The Swans whittled the quarter time deficit with the next six scores. Hayward made gold from straw with a pressure ball stolen by Cunningham’s intent. Blakey steamed onto a Cunningham pass but leaned it left. While the forwards were full of zip, Florent and Aliir were showing defensive ferocity, Rampe was designing again and the Swans looked target centric. Blakey finally guided an opportunistic curl and Gray cherried a stunning pass from Florent. Rory Sloane was able to interrupt the Swans with a goal and his own ‘Yeah baby!’. But the red and white rolled their lead onwards. When McInerney handed a stunner to Heeney I verbalised for the first time this season! ‘Oooh,’ I cried to no-one as the margin went eight points clear.

I leapt up to cook in the break. ‘Life goes on’ is what we’re all trying to believe these days. But putting the dinner on is now the equivalent of half-time bevvies and catch up with the O’Reillys. More questions swooped as I crushed the garlic and stripped the oregano stalks. Is intensity built on brute competitiveness or somehow on solidarity too? Will the advantage of a home ground become irrelevant without its parochial voices? Do players actually kick straighter without the crowd? I guess the sports and behavioural scientists will have a field day.

And what about the players? They are in their own kind of isolation for not being part of the newly normal distant – a unit of men asked to continue portraying ‘life as normal’ when all of us around them are changing our ways. I wonder how they feel about it, carrying on for our ‘common good’.

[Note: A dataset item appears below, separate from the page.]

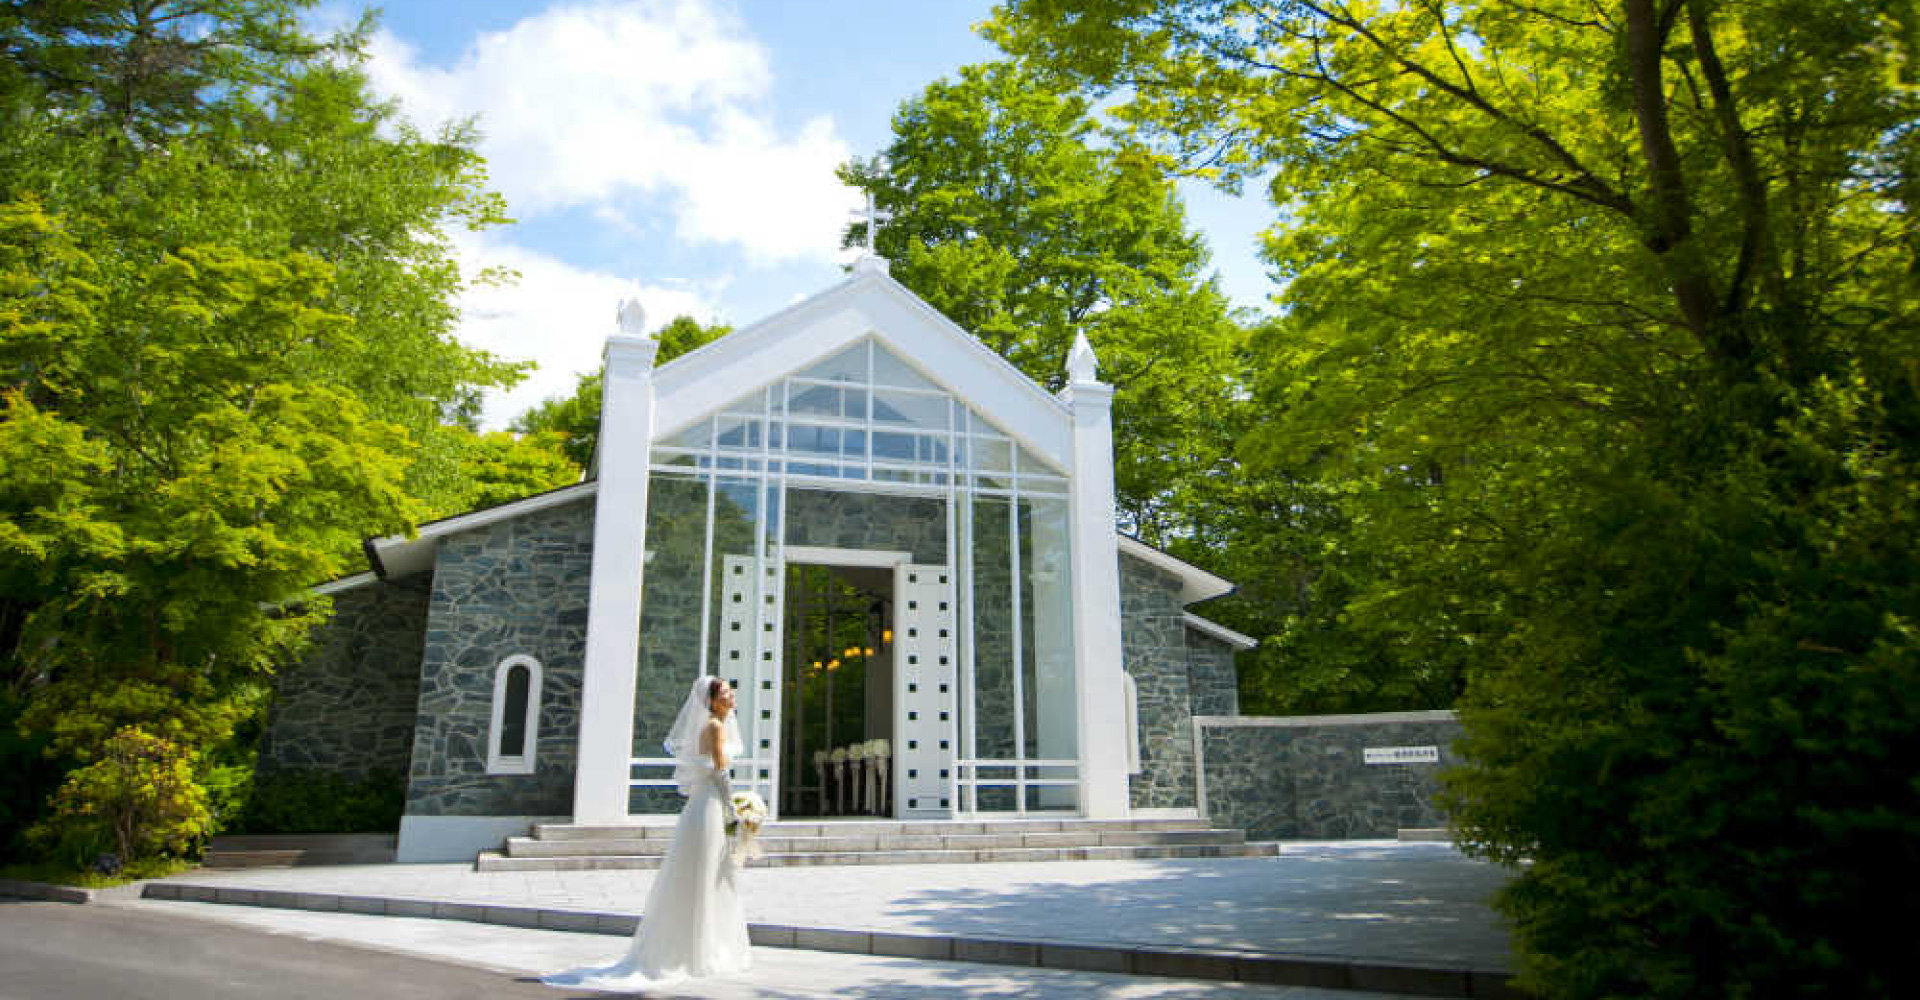 軽井沢でのリゾート挙式・結婚式・ウェディング・ブライダルの結婚式場選びなら「ブライダル図書館　軽井沢店」まで！軽井沢で素敵なウェディングを。

I wandered back into Living Room Stadium to see Isaac Heeney on the screen and the score at 64-49. Cuddles (as Gwen from Row T calls him) was the joy of the game. He looked like the Ryan O’Keefe we’ve often imagined him to be – fast, regularly airborne and correct. While Papley folded himself around the post, Cuddles stalled the line ball for a score. There was an urgency, energy and lightfootedness that I don’t remember from last year. I stirred the dinner and reappeared to a super tackle from Ronke. A body fling from McInerney to whip the ball forward again. The Swans looked systematic even when it was chaotic down back, like someone would be there when one of them turned looking. The blood pressure spiked momentarily when Tex lined up on the 50, but the three points stayed our way. The cat rolled in the bean bag. It was dark outside. Thanks, fellas.

Ironically, Canetti’s antidote to the fear of being touched by the unknown is to join a crowd: ‘As soon as a man has surrendered himself to the crowd, he ceases to fear its touch.’ That’s the way it has been for footy supporters, season upon season. But in 2020, we know that the one thing which may help us to avoid the contact of the invisible unknown we are being touched by is not to be a crowd. A mind-bending paradox that the togetherness which has so often salved is the thing which threatens us for now.

We have a perfect win record by the time the season is postponed on Sunday. It’s a new world. And a very new season of footy.